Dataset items
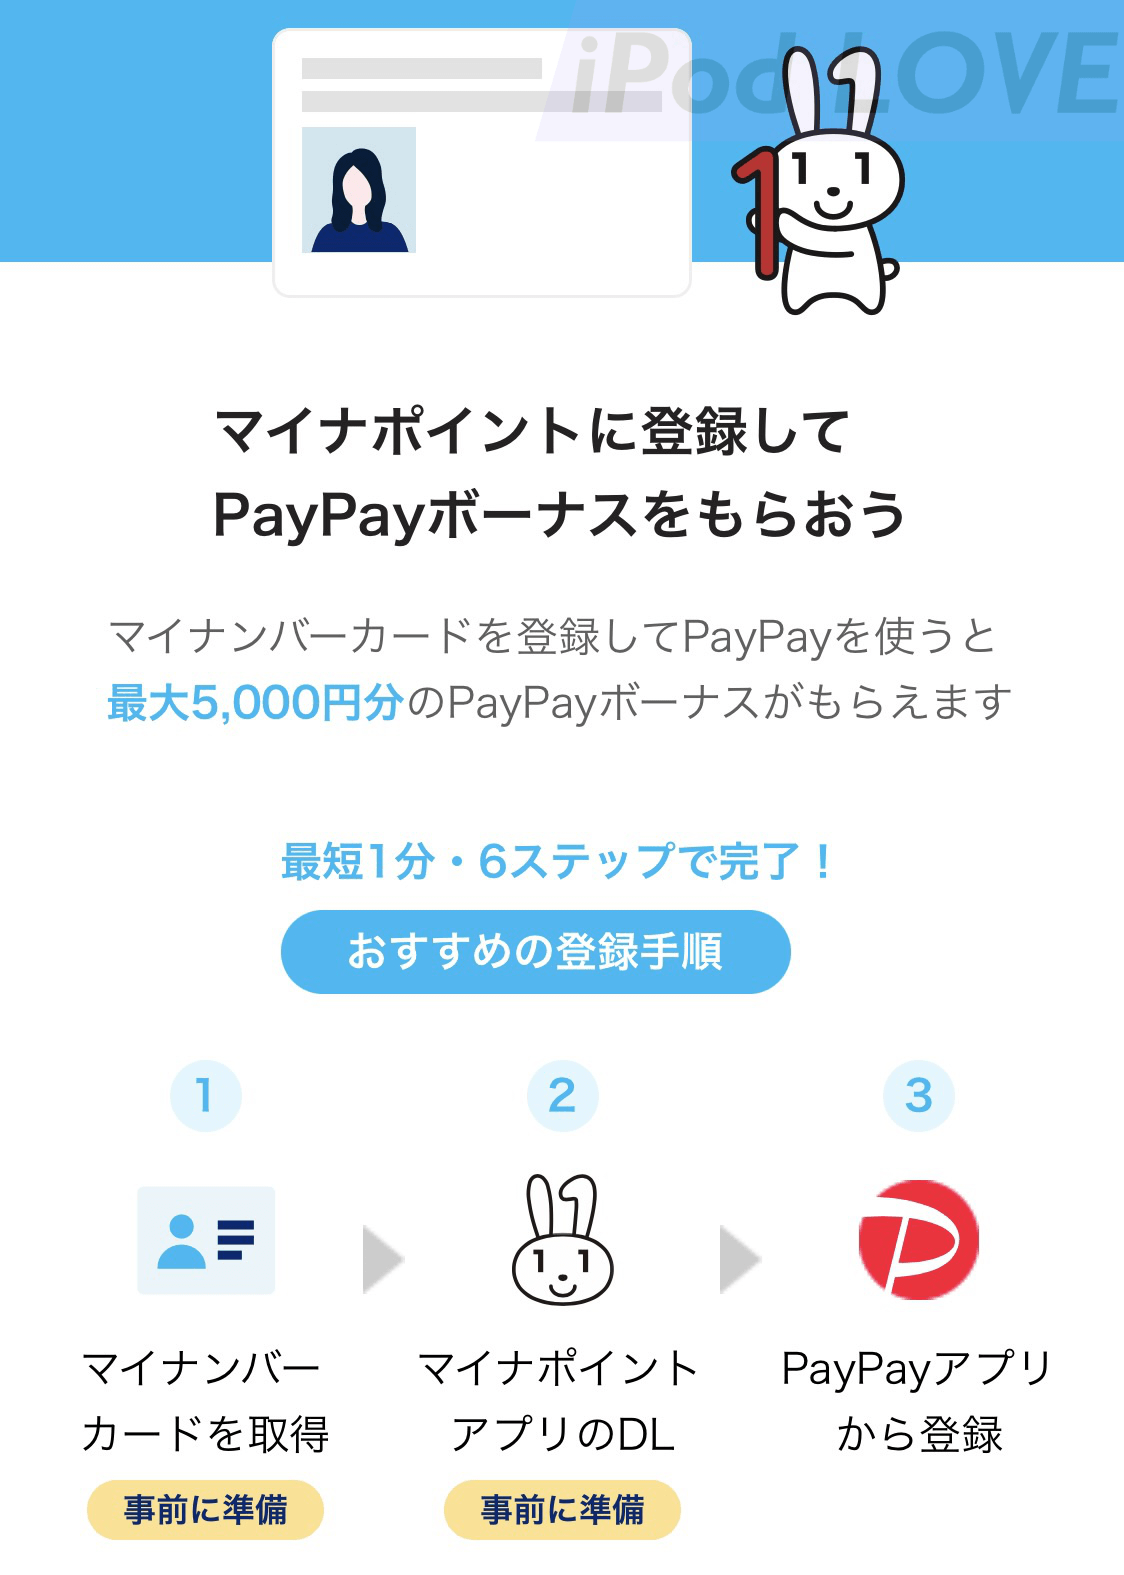 PayPay atobarai minapoint 08
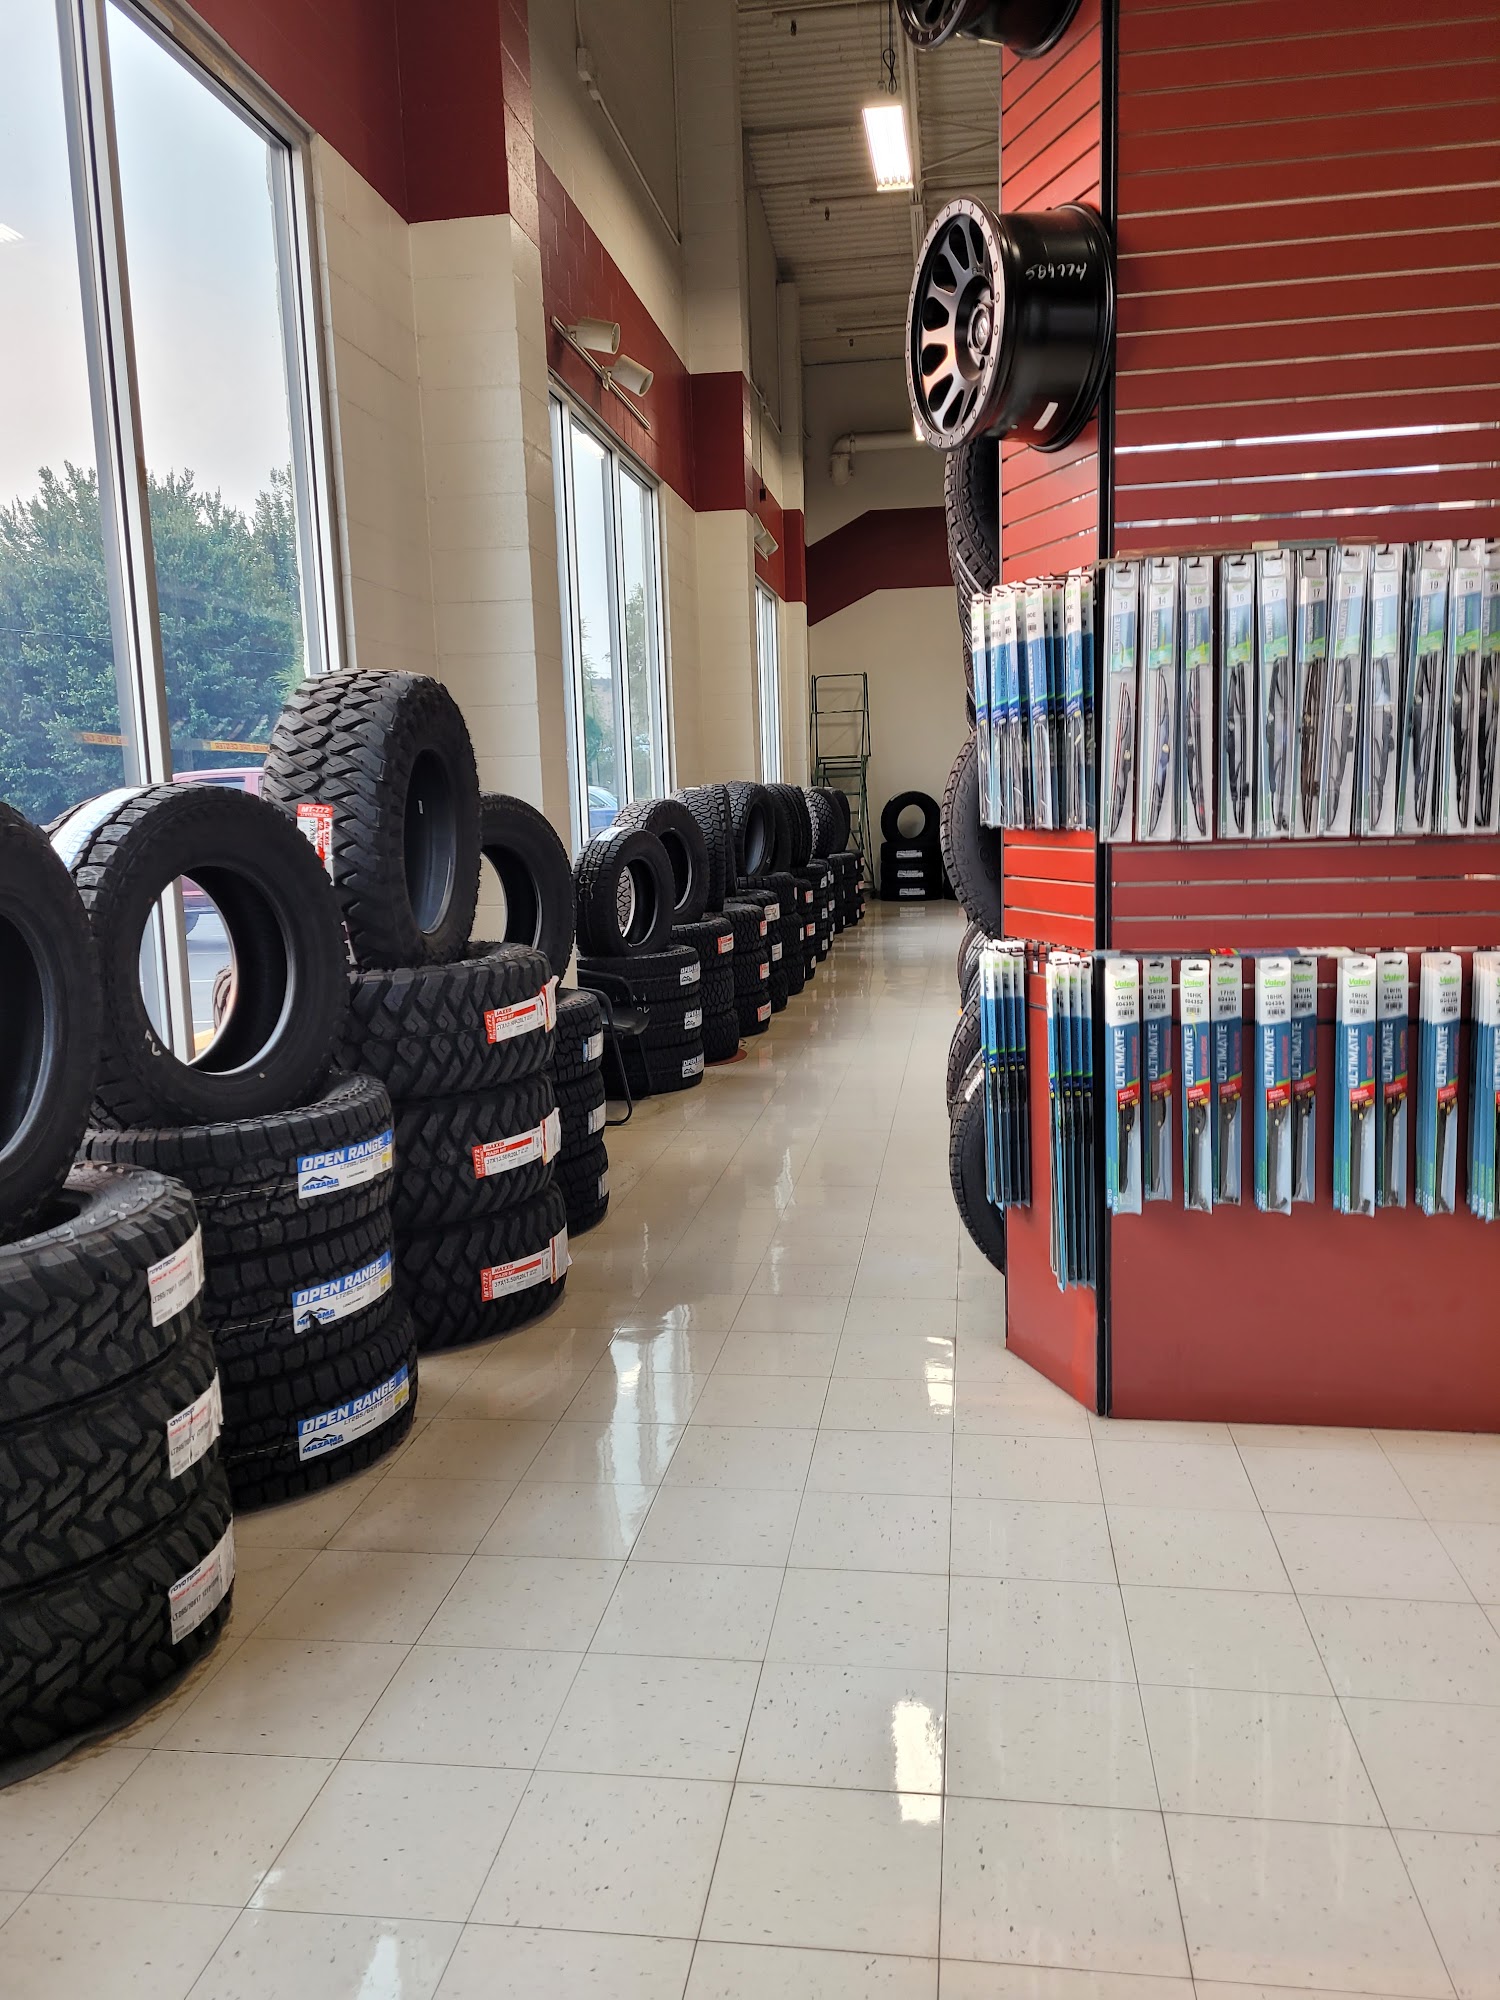 Les Schwab Tire Center
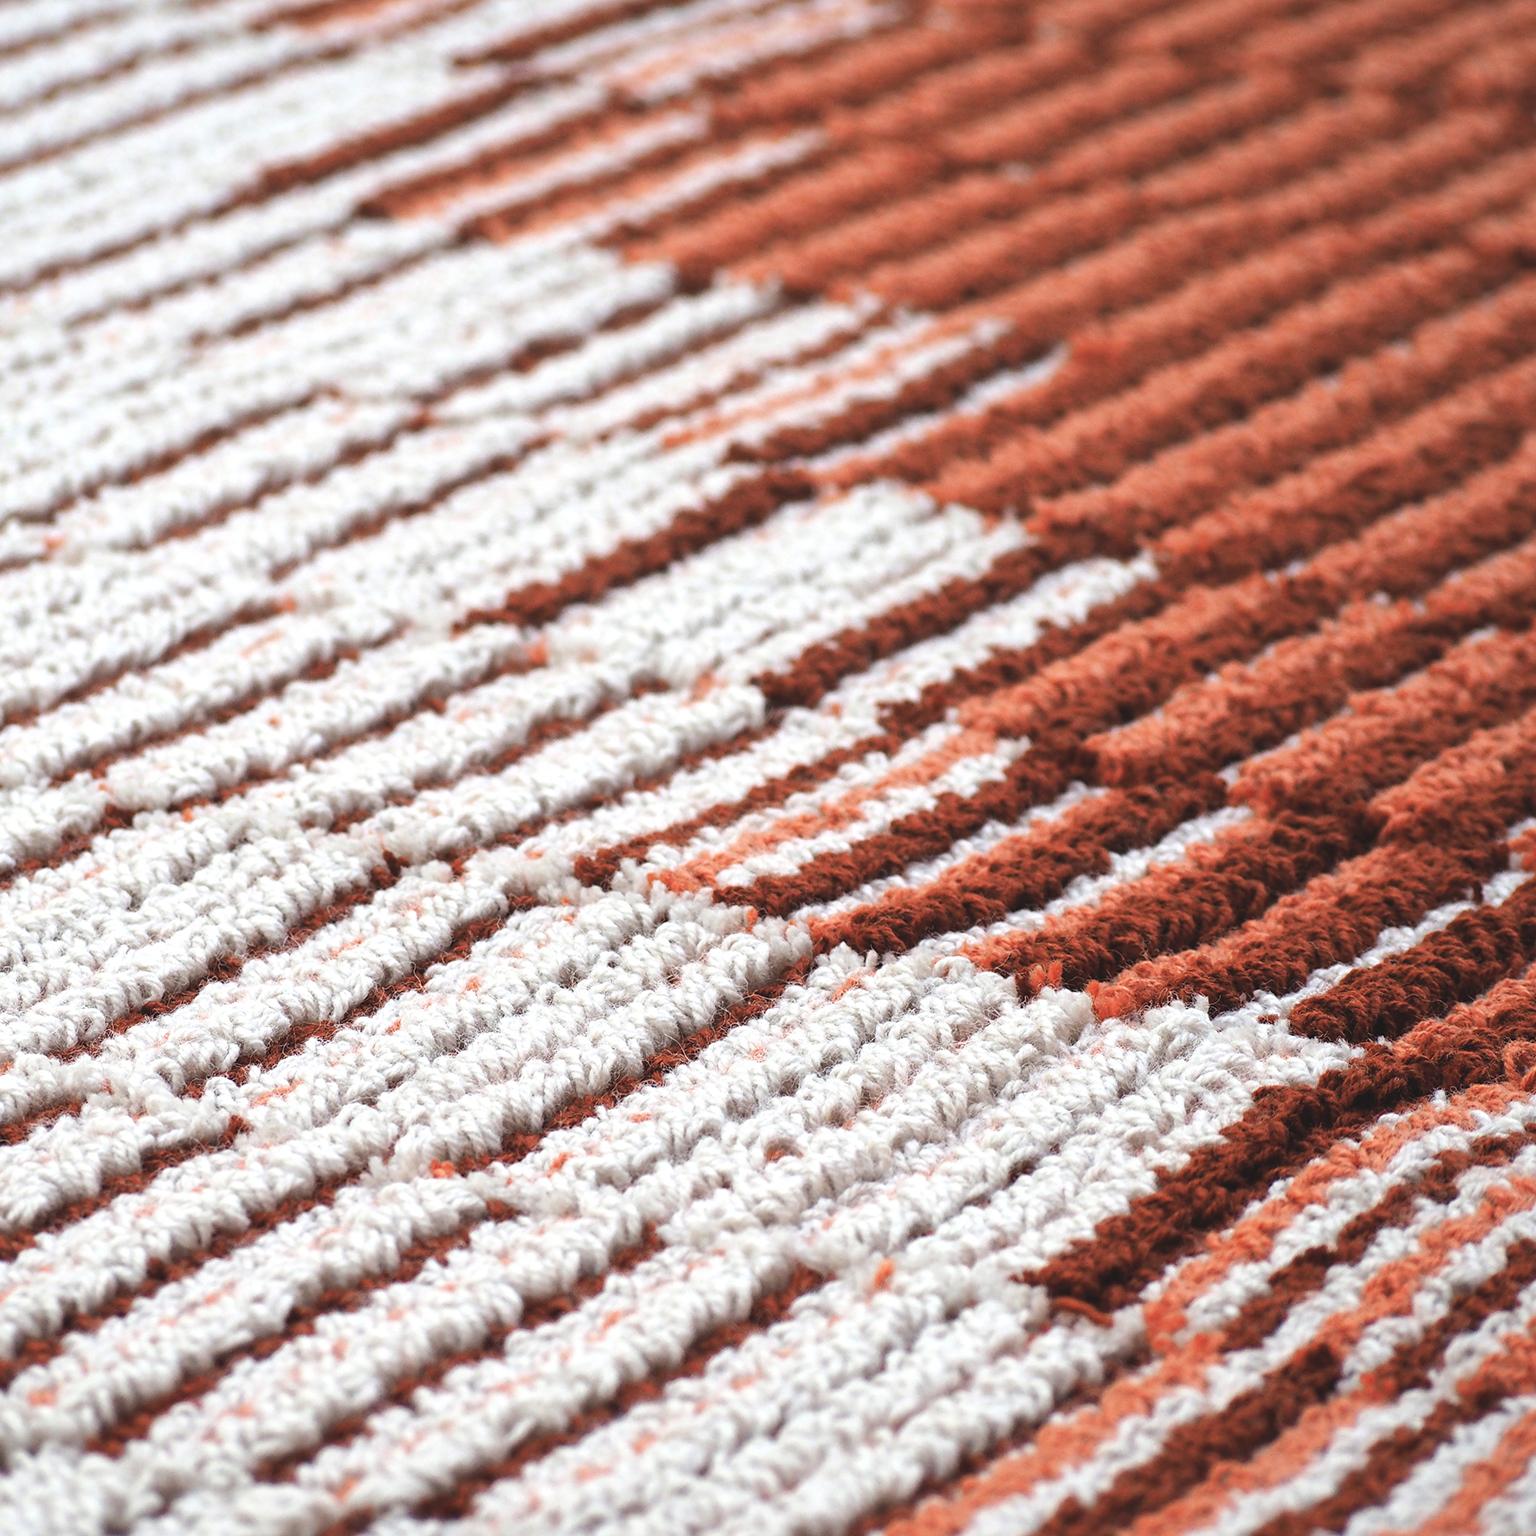 tapis touffeté 100% laine de Nouvelle-Zélande de qualité supérieure 
Conçu par Alissa + Nienke Studio
Fabriqué en Italie

Un design simple qui cache une touche très complexe de superpositions et de hauteurs.

Gelosie est un tapis en laine

**WORK TO COMPLETE**
Please write out every entry exactly, but skip the pictures.

**PROBLEM SOLUTION**
 PayPay atobarai minapoint 08
 Les Schwab Tire Center
 tapis touffeté 100% laine de Nouvelle-Zélande de qualité supérieure 
Conçu par Alissa + Nienke Studio
Fabriqué en Italie

Un design simple qui cache une touche très complexe de superpositions et de hauteurs.

Gelosie est un tapis en laine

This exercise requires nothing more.